Virginia Woolf (1882 – 1941)
İngiliz feminist yazar Woolf, manik-depresifti. Romanlarının sonlarına yaklaştığında kendi deyimiyle çıldıran Woolf, bir seferinde hastalığının manik döneminde kırk sekiz saat aralıksız konuşmuştu.
Kız kardeşinin resim yaparken ayakta durmasından etkilenen Woolf, bundan itibaren tüm yazılarını ayakta yazmıştı. Tercihi kadınlar olmasına rağmen bir erkekle evlenen Virginia, eşiyle beraber dünyanın gitgide kötüleştiğine inanıyor, gerektiğinde egzoz dumanı soluyarak çabucak ölebilmeleri için garajda fazladan benzin bulunduruyorlardı.
Franz Kafka (1883 - 1924)
Vasiyetinde yakın arkadaşı Brod'dan birkaç eseri hariç tüm eserlerini yakmasını isteyen Kafka, arkadaşının onu dinlemeyerek eserlerini yakmayıp yayınlatmasıyla öldükten sonra üne kavuştu.
John Ronald Reuel Tolkien (1892 – 1973)
Yüzüklerin Efendisi, Hobbit gibi fantastik başyapıtların yazarı Tolkien, kendisinin de bir Hobbit olduğuna inanıyordu. Oxford yolunda diğer araçlara çarpmasıyla da ünlenen Tolkien, diğer sürücüleri pek umursamaz, pervasızca araç sürerdi.

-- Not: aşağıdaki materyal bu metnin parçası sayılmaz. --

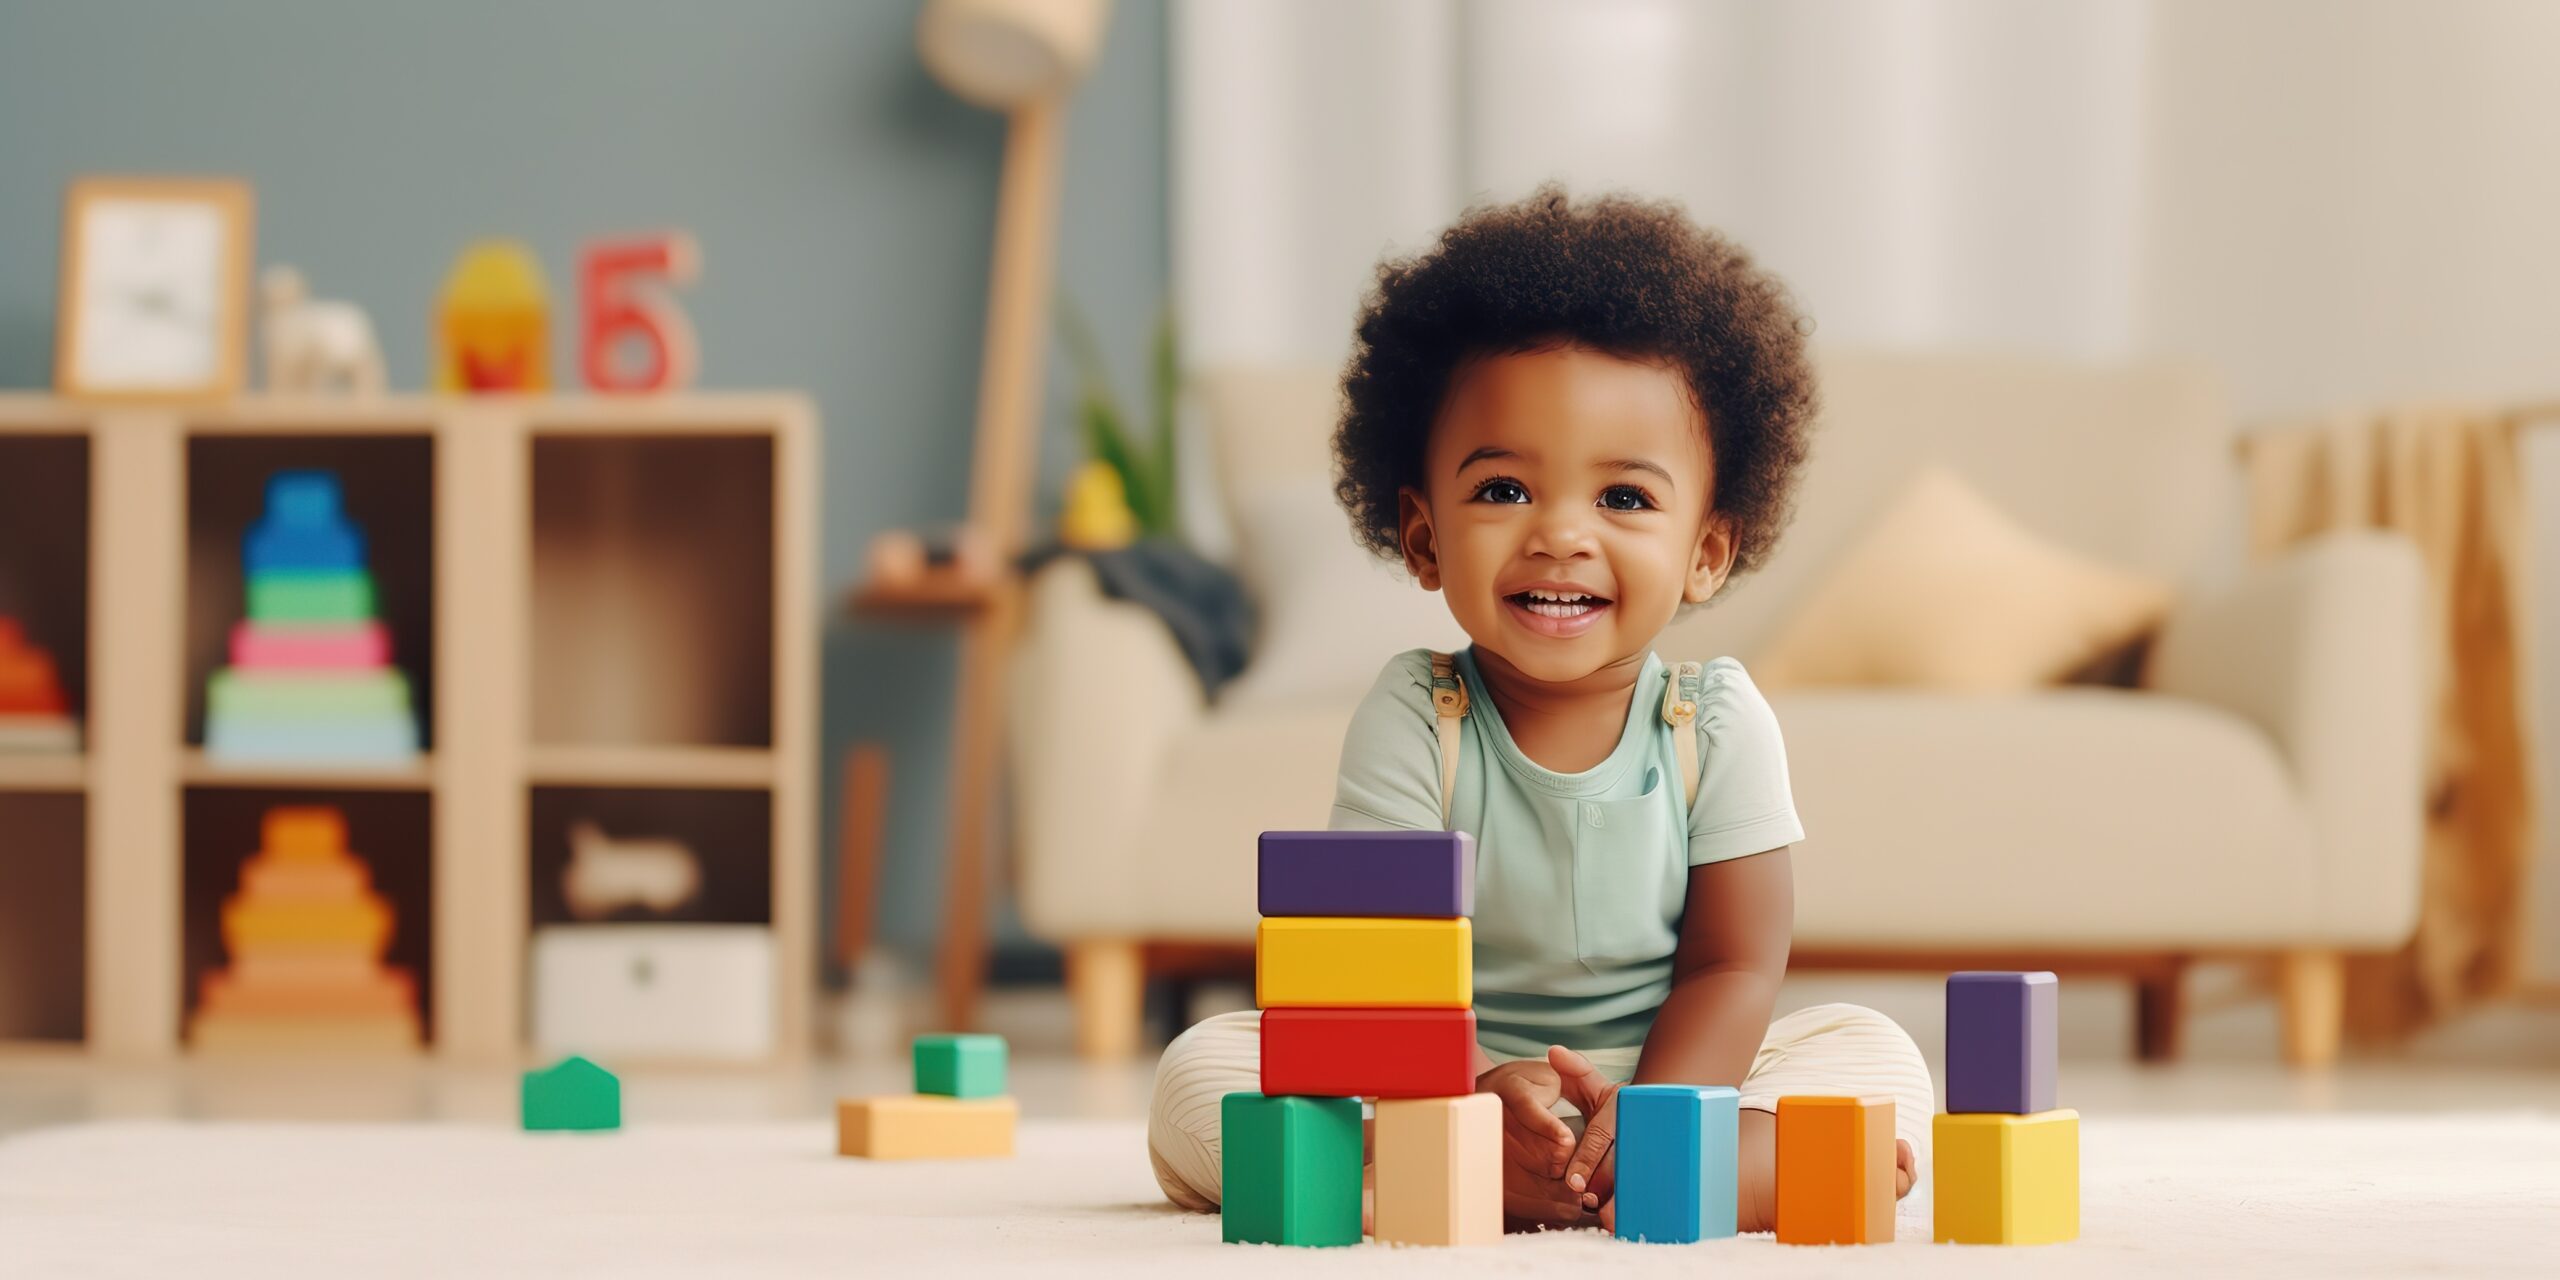 small infant playing with colorful blocks on floor

Cimriliğiyle de tanınan Tolkien, jilet ve posta puluna kadar yaptığı tüm harcamaların sıkı hesabını tutar, vergi ödemelerinde ise iyice pintileşirdi.
Ernest Hemingway (1899 - 1961)
Hemingway'in annesi, büyük kızına eşlik edecek bir kız çocuğunu öylesine istiyormuş ki; çocukluğunda Hemingway'e kız giysileri giydirir, saçlarını kız gibi kestirir ve çevreye de kızı olarak tanıtırmış.